おタク男子が世のおフェロ女子に物申す!
読者の乙女なお悩みに、バンドマンおタク男子の彼が思いもよらない変化球で答えます。

恋も仕事もおしゃれも夢も。人生に迷ったらあの人に相談してみよう!


答えてくれるのは、ロックバンド・オワリカラのタカハシヒョウリさん。


↑音楽家時のタカハシさん (c)勝永裕介

特撮おタク時のタカハシさん


今回はミュージシャンにミーハーな疑問を直撃!

Q 恋愛ソングって実体験からできてるんですか?

ミュージシャンの人ってやっぱり、自分の恋愛経験を赤裸々に曲にしたりするんですか? だって「バンドマンと付き合うとお前の歌ができるぞ」とかって言うじゃないですか(笑)。(うさ子さん・29歳)

「あー。これはね、そんなことはないです!

ーあら、きっぱり。そうなんですか?

「だってそうだとしたら、たとえば桑田佳祐さんとか、どんだけ恋愛してんだよって話になるでしょ。実体験から生まれてくる部分ももちろんあると思うけど、実体験からしかモノをつくれない人というのは、ある意味才能ないんですよ

ーうわお。

ウソでもホント以上のものを作れる人が、すごい人だと思うんですよ。”俺は実体験の恋愛ソングしか書かない!”っていうミュージシャンももちろんいるし、そういう人のつくるものはやっぱり説得力とか生々しさがあるんだけど、それは一流の人ではないと思います。プロの力っていうのは、自分じゃなくて誰かの物語としてストーリーを頭の中で展開して、それを説得力ある作品に仕上げられることだと思うんですよ」

ーなるほど…それって、自分じゃない誰かのいろんなケースを本とか映画とかから知って、そのライブラリが頭の中にたくさんある、ってことですか?

「それもあると思う。映画監督の黒澤明は、”天才は記憶力のいい人だ”ってはっきり言ってるんですよ。天才ってなにも発想力が優れているんじゃなくて、自分の中にあるいろんな記憶の蓄積を、必要な場面ですぐ取り出せる人のことだって」

ーへぇ〜!

「これも引用ですけど、山下達郎さんは”魂の叫びでは20曲しか書けない”みたいなことを言ってて。訴えたいことを土台にした音楽ってやっぱり迫力があるんだけど、それではせいぜい20曲くらいしかつくれない。で、20曲では食っていけないんだと。魂の叫びとそうじゃない曲と、両方のクオリティが同じくらい高くないとダメで、それでも人の心を打つものを作れて初めてプロ、ってことでしょうね」

ーうわぁ。プロってすごいんだ…。

「似たような話で、どんな人でも1本はめちゃくちゃ面白い小説が書ける、っていう説があって。
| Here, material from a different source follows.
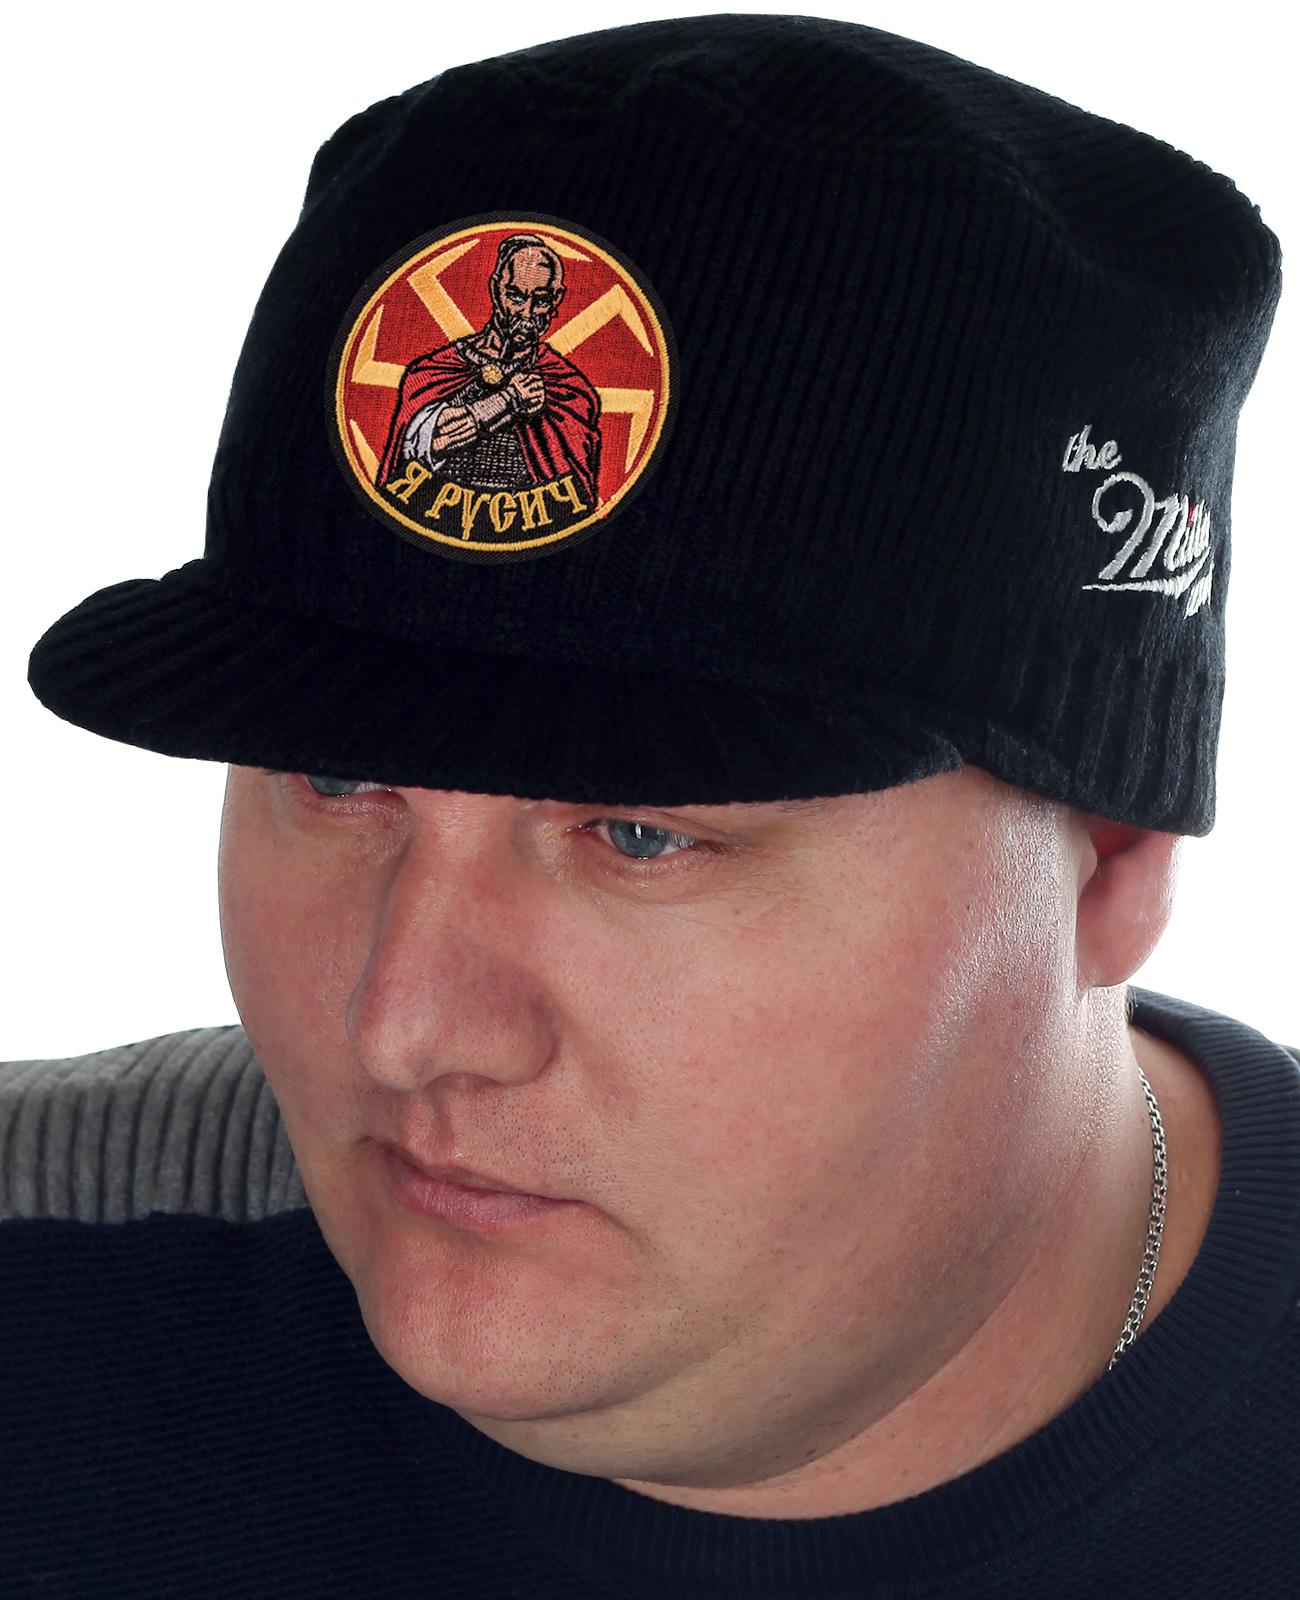 Модная шапка Miller Way с образом Князя Святослава и словами «Я – Русич». Классический фасон с козырьком подходит всем парням и мужчинам. Рекомендуем купить и для зимы, и для межсезонья

その人の人生を凝縮して文章にしたら、それは絶対面白いんですよ。でもその1本だけでは、プロの小説家ではないでしょ」

ーたしかに。

「だから恋愛ソングに限らずですけど、実体験じゃないものでもたくさんの人の心を打てる作品は、やっぱりパワーがあるんですよね。その中で実体験を隠し味みたいに少しちりばめられると、それで説得力がぐっとアップする気がしますね」

ーなるほど〜…! あの、これって女子あるあるかもしれないですけど、失恋した時にたまたまよく聴いてた曲とか、その頃ラジオでよく掛ってた曲とか、後々になって『この曲聴くと失恋を思い出してつらいから聴きたくないな』ってことがけっこうあるんですけど。そういうつらさって、生み出す側の方でもあるんですか?
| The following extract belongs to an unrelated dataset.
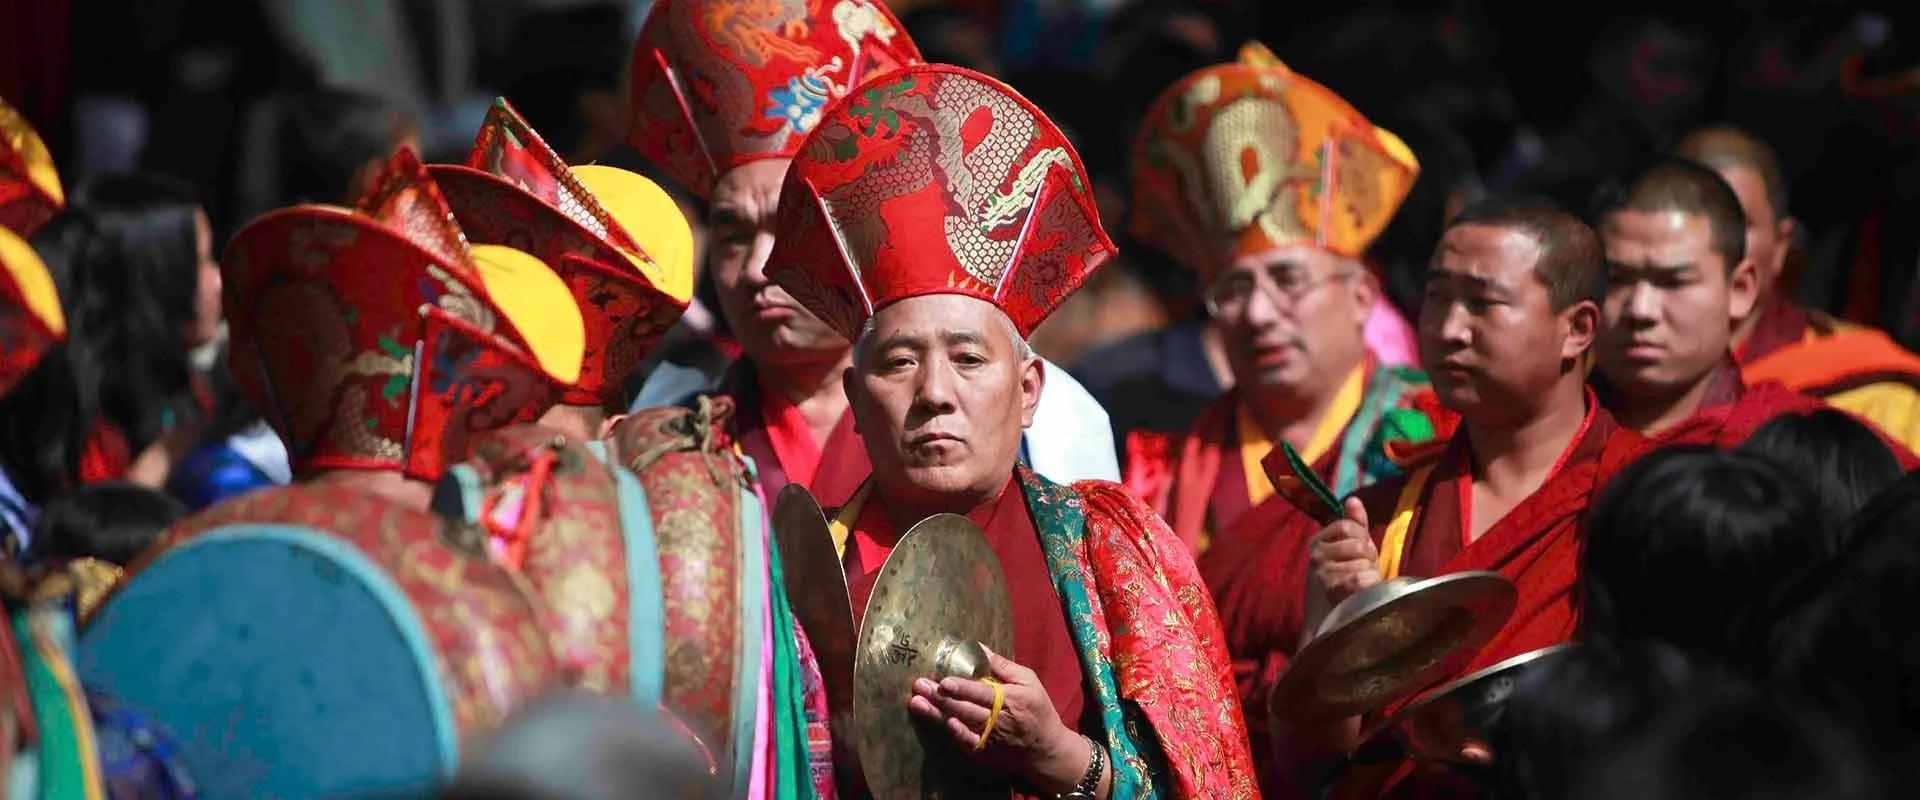 thimphu tshechu, thimphu festival

「あー、たとえば本当に失恋した時に生まれた失恋ソングとか?」

ーはい。あんまり演奏したくなかったりしますか?

「いや、それはないんじゃないかな。むしろそうなれる曲ってすごい曲じゃないですか。そうやって自分の記憶まで呼び覚ますような曲を作れたってことだから、ミュージシャンなら逆に嬉しいことなんじゃない?」

ーへぇ! カタルシス的な。

「やっぱミュージシャンってちょっとイカれた職業っていうか、そこんところ普通じゃないと思うんですよね。つらくなるからこの曲できないや、っていう人はあんまいないと思うし、もしいたとしたら、それは頭のネジの外れ方が足りない説すらあるね」

ーははは! 表現者ってスゴいんだなー。